Remote Sens. 2020, 12(1), 28; https://doi.org/10.3390/rs12010028
by Thomas Miraglio 1,2,*, Karine Adeline 1, Margarita Huesca 3, Susan Ustin 3 and Xavier Briottet 1
Reviewer 1: Anonymous
Reviewer 2: Anonymous
Reviewer 3: Anonymous
Remote Sens. 2020, 12(1), 28; https://doi.org/10.3390/rs12010028
Submission received: 28 October 2019 / Revised: 27 November 2019 / Accepted: 15 December 2019 / Published: 19 December 2019

Round 1

Reviewer 1 Report

Review of

Monitoring LAI, chlorophylls and carotenoids content of a woodland savanna using hyperspectral imagery and 3D radiative transfer modelling

by Thomas Miraglio et al., submitted to Remote Sensing.

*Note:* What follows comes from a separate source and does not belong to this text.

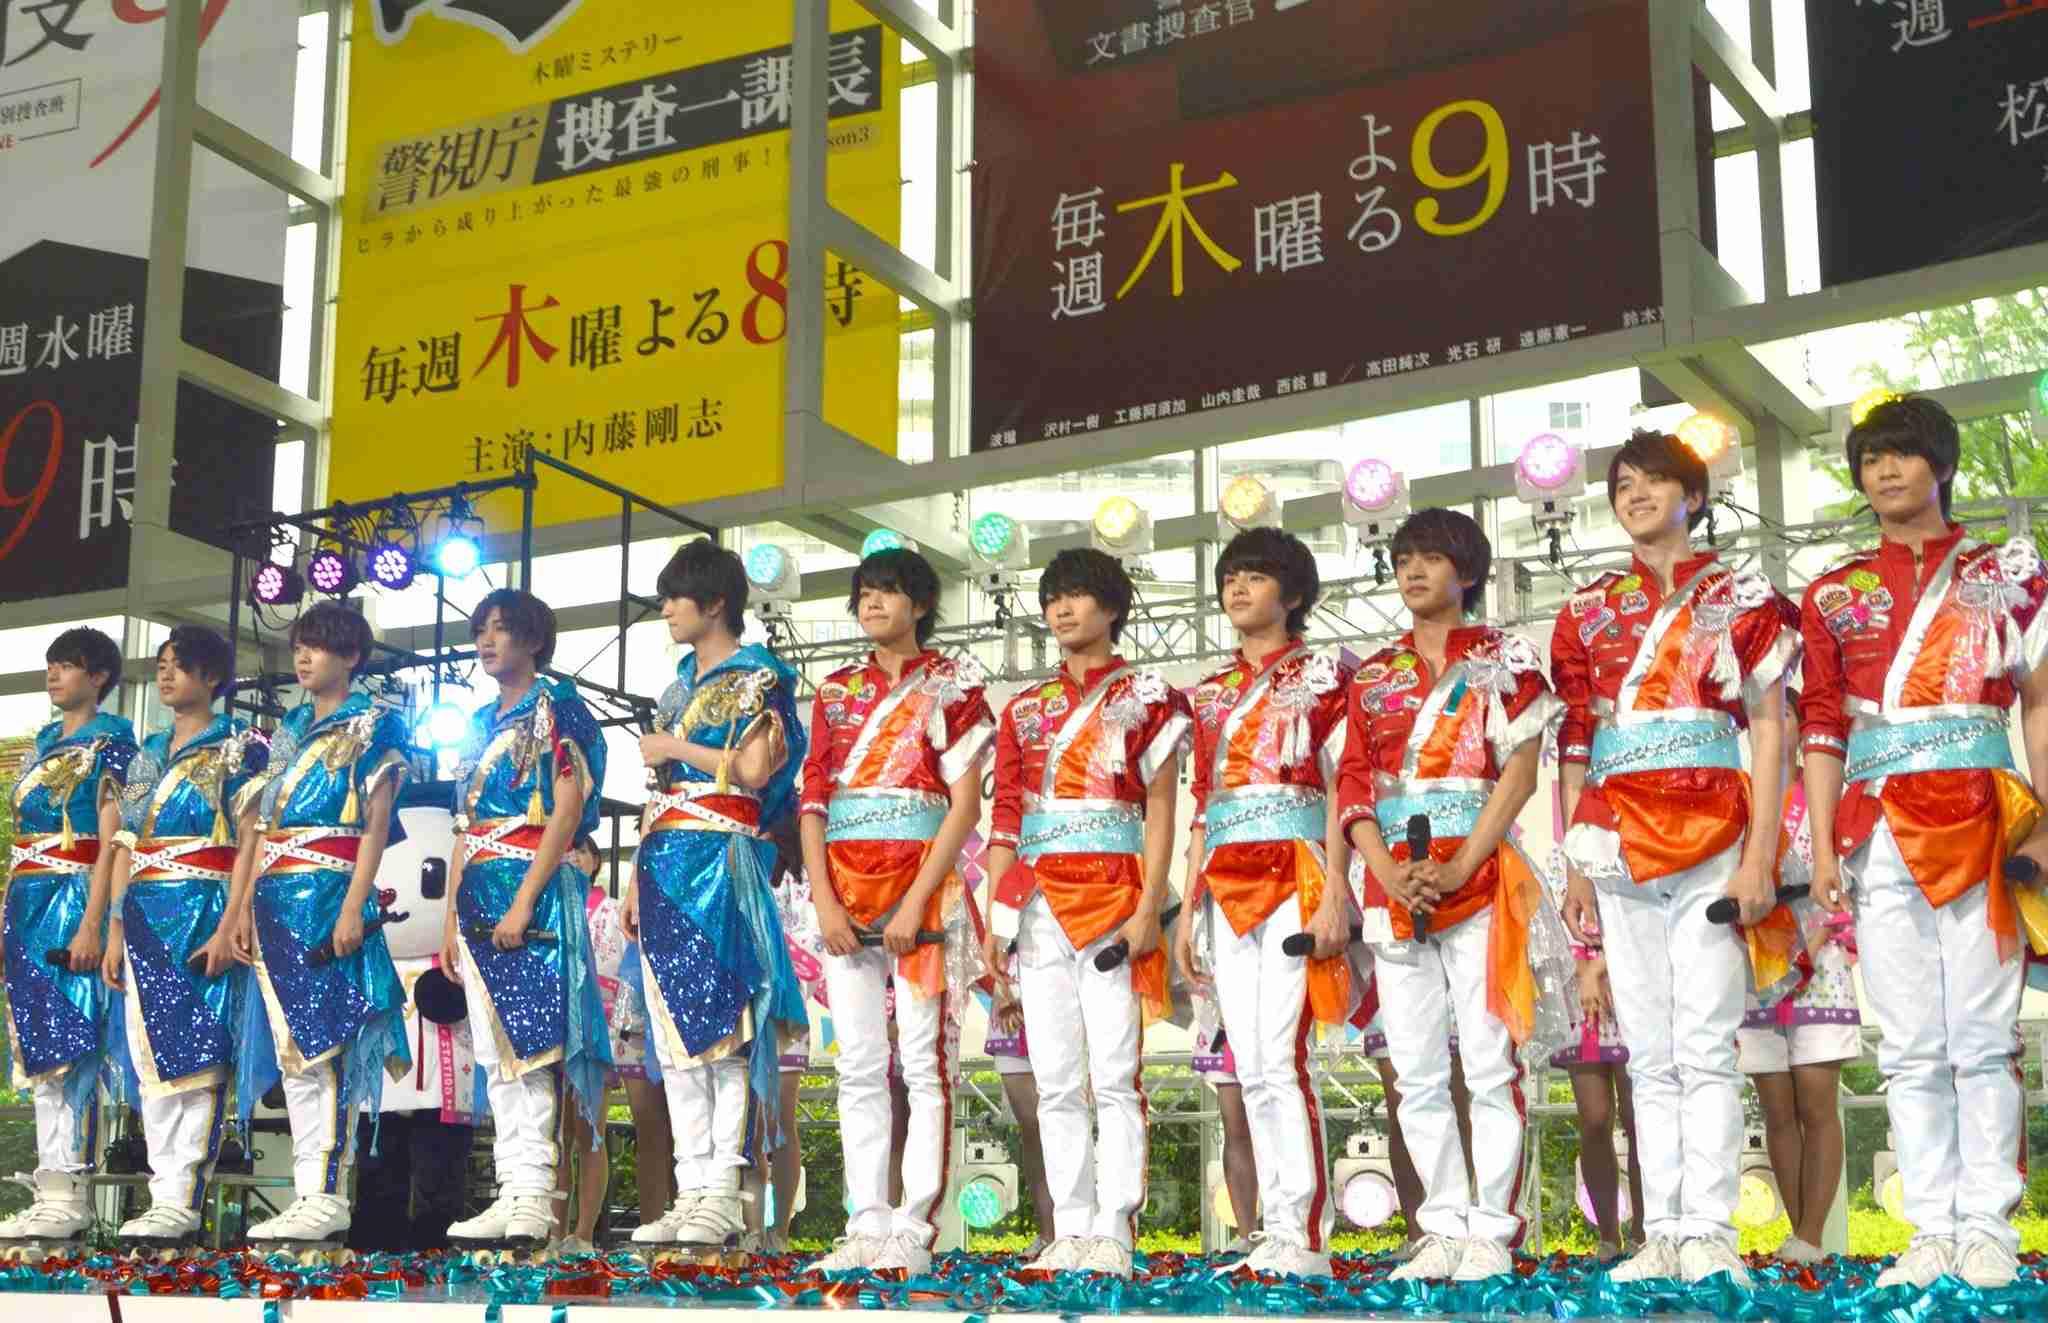 「裸の少年」9年ぶり復活 NEWS、KAT-TUNも出演したバラエティー

This is a nice paper about the potential of hyperspectral data for mapping the overstory biochemical traits and leaf area index. The results are encouraging and novel and I found no majors problems with the processing and analysis steps. However, there is some ambiguity in the description of the methods. Not all steps are described with sufficient detail as I have pointed out in my specific comments. Most notably, determination of LAI, a key parameter of any vegetation canopy, remains ambiguous. The optical methods employs by the authors allow to retrieve effective LAI, which needs to be corrected for clumping to obtain the true LAI. To my knowledge, no robust method exist for inferring the correction factor (clumping index) from fisheye images. Scene construction in DART requires true LAI, but the model allows to easily compute also the effective LAI, thus the authors have the data required for the conversion as simulations were run for varying LAI.
My second major concern is the treatment of uncertainty and error. These calculations are not described in methods. Sometimes, I got the feeling that only within-image variation was included in the uncertainty estimates presented in the figures. However, it is possible that systematic between-image variation in estimates because of e.g. illumination conditions or processing artifacts dominates the uncertainty. The method to distinguish significant changes is not given, and at times the authors emphasize on explicitly insignificant differences.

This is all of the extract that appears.